张天鹏醉意熏熏,晃头道:“都说大丈夫何患无妻,又说天涯何处无芳草,何必独恋一枝花?兄弟你不觉得哥哥我这么可着一根树吊死令人瞧不起?”
李虎丘正色道:“说这些话的人都是混蛋,易求无价宝,难得有情郎,我对张兄你对我堂姐这份情只有敬重,绝无一丝瞧不起!而且,实不相瞒,兄弟这次来俄罗斯便是为了一个女人,男人喜欢女人,对女人好些难道不是天经地义的事情吗?”
“说得好!”张天鹏竖大拇指赞道。
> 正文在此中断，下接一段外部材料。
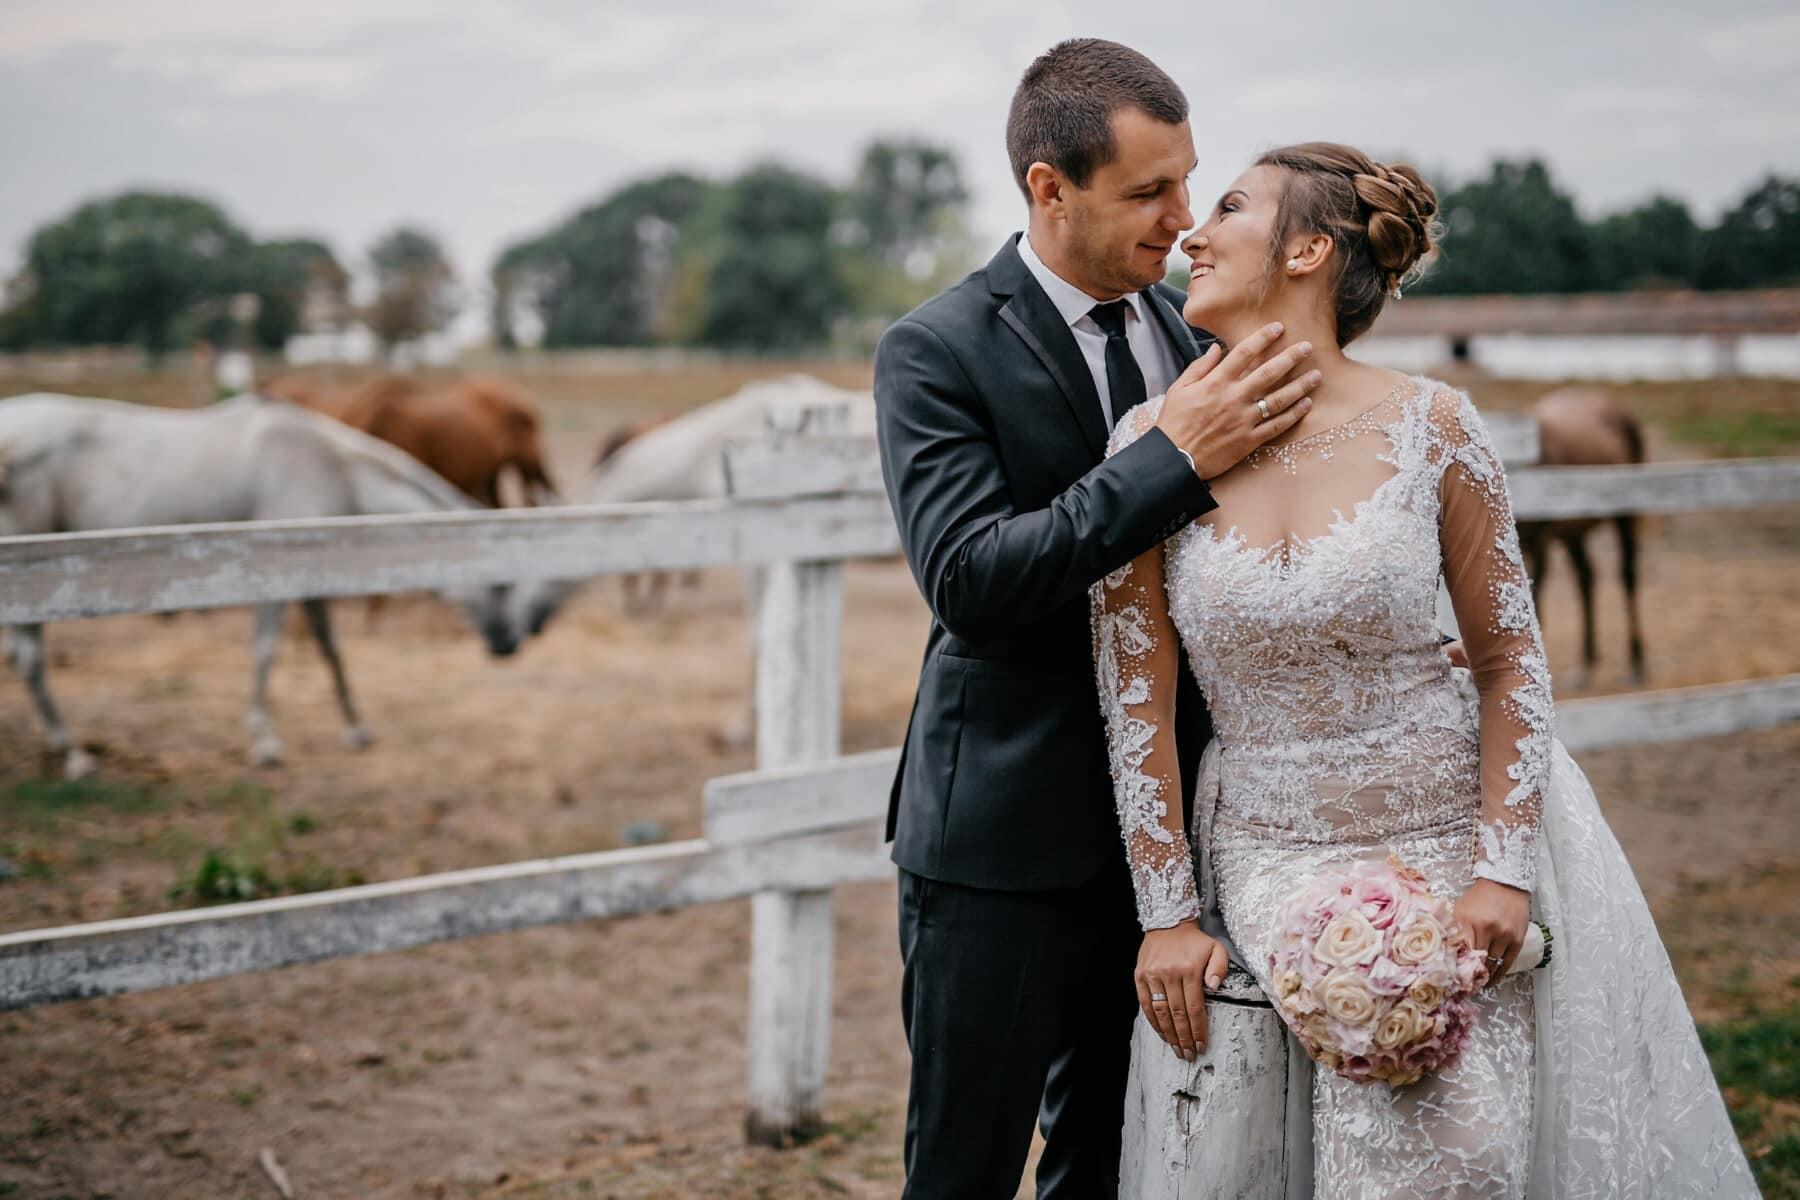 la mariée, village, jeune marié, bouquet de mariage, salle de mariage, robe de mariée, chevaux, homme, amour, couple

他常年混迹于上流社会,见多了风流倜傥四处沾花惹草,不把女子当回事之辈。偶尔进出风月场所时,那些人也常觉得他不成家不找女人是件很奇怪的事情,更有甚者还曾传他有龙阳之癖。这份心情,他一直憋在心里,就连最钦佩的那位叶大老板都不曾说起过,实是因为叶皓东那厮也是个风流不羁的家伙,张天鹏从一开始便不相信个人生活那么丰富多彩的男人会理解他的想法,所以才从未对叶皓东说起过这件事。却哪知面前的年轻小舅子的个人生活比之叶大官人只有过之而无不及。
张天鹏这番深情,高华朴素隽永难得,可惜却难得有人能理解。男人不坏是因为没有变坏的条件,张天鹏交友的圈子里几乎人人都有条件变坏,也几乎个个不是什么痴情专一之辈。李虎丘是他遇上的第一个赞同他这份痴心的‘圈里人’,又是李语冰的近亲堂弟,怎能不让天鹏哥顿生知己难求之感?他毕竟不凡,纵然是酒醉当中,也还知道李虎丘来此协商合作事宜,必定是夜猫子进宅无事不来,之前不问是为了等李虎丘自己开口,他才好掌握主动。如今一番沟通后,他的想法已有变化,这才问道:“兄弟你刚才说是为了个女人来的莫斯科,能否跟哥哥说一说具体是怎么回事?”